Health risk estimation (HRE)

The health risk of the people was estimated by adopting the subsequent equations introduced by (US EPA31):

$$CDIi=\frac{Cw*IR*EF*ED}{BW*AT}$$
(3)

where ‘CDIi’ represents ingestion of chronic regular dose of specific trace element (μg/kg/day); ‘Cw’ implies concentration of heavy metal in potable water (μg/l); ‘IR’ suggests the consumption rate of drinking water (0.70 for children and 21.00 for adults); ‘EF’ reveals rate of exposure; ‘ED’ denotes duration of exposure (6 years for children and 30 years for adults); ‘BW’ suggests the body weight of person (15 kg for children and 70 kg for adults) whereas ‘AT’ represents the average time of exposure (2,190 days for children and 10,950 days for adults).

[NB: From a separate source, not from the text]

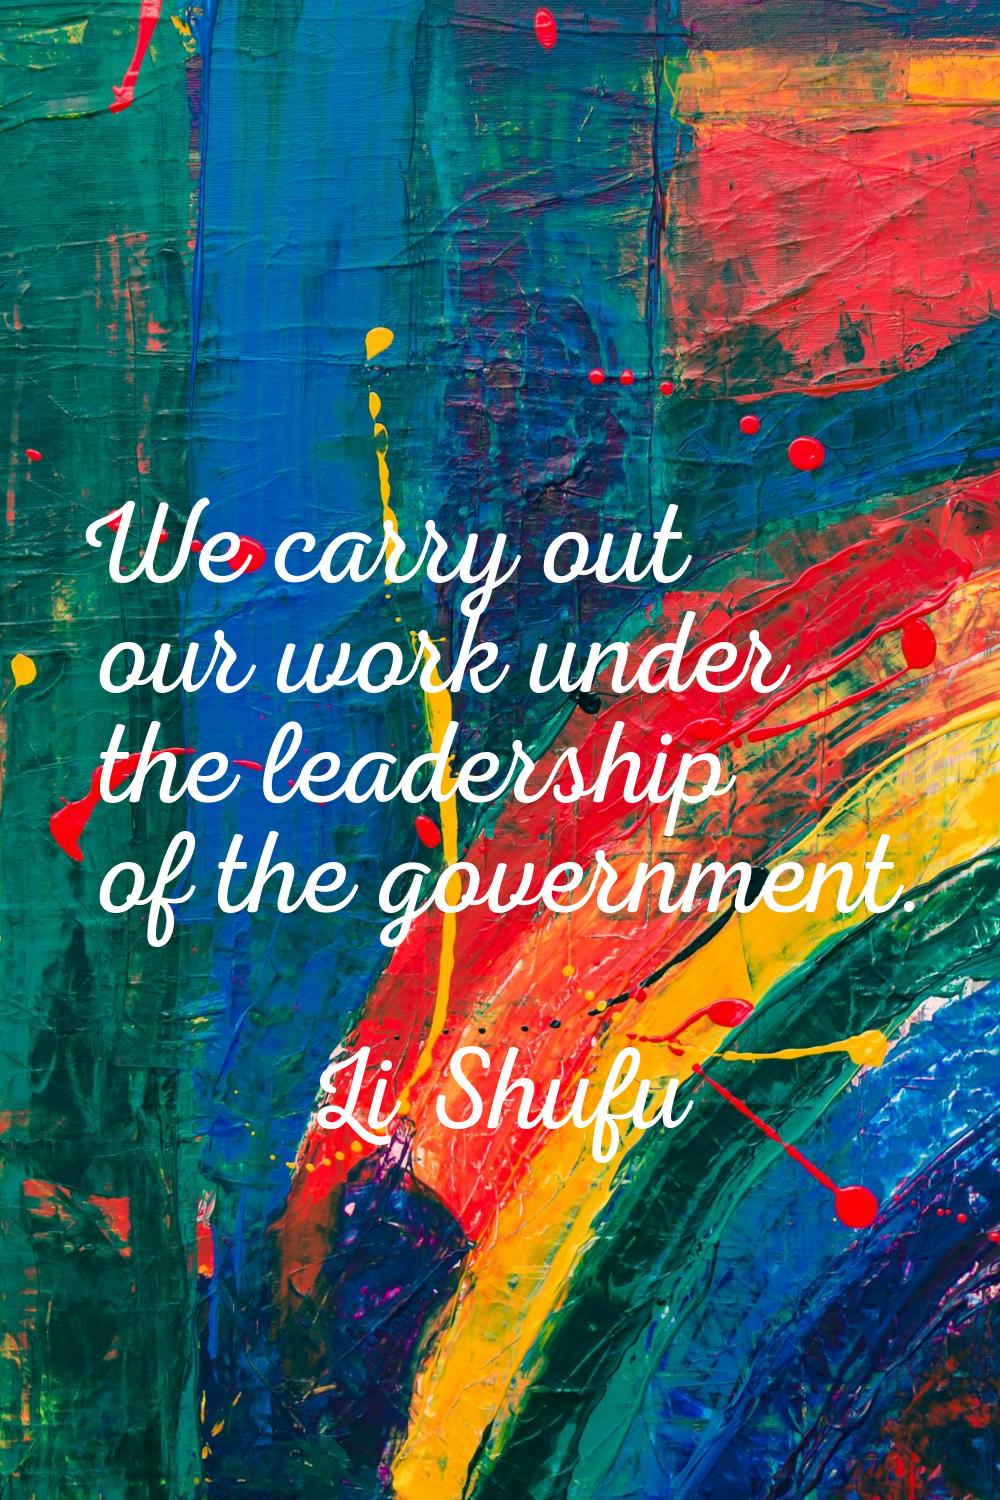 We carry out our work under the leadership of the government.

Absorption of CDI dermal calculated through the following expression (Eq. 4) (US EPA31):

$${\text{CDId}}=\frac{{\text{CW}}*{\text{SA}}*{\text{Kp}}*{\text{ET}}*{\text{EF}}*{\text{ED}}*{\text{CF}}}{Bw*AT}$$
(4)

where, ‘CDId’ indicates dermal of day-to-day dosage of chronic trace elements (μg/kg/day); ‘SA’ signifies exposure of skin area; ‘Kp’ represents permeability coefficient; ‘ET’ suggests time of contaminants exposure rate (h/day) and ‘CF’ means factors responsible for units of conversion (L/cm3).

Hazard quotient (HQ) of every trace element was measured by applying the successive equation (Eq. 5):

$${\text{HQ}}=\frac{CDI}{RfD}$$
(5)

RfD of every contaminant was obtained from regulations of (US EPA31).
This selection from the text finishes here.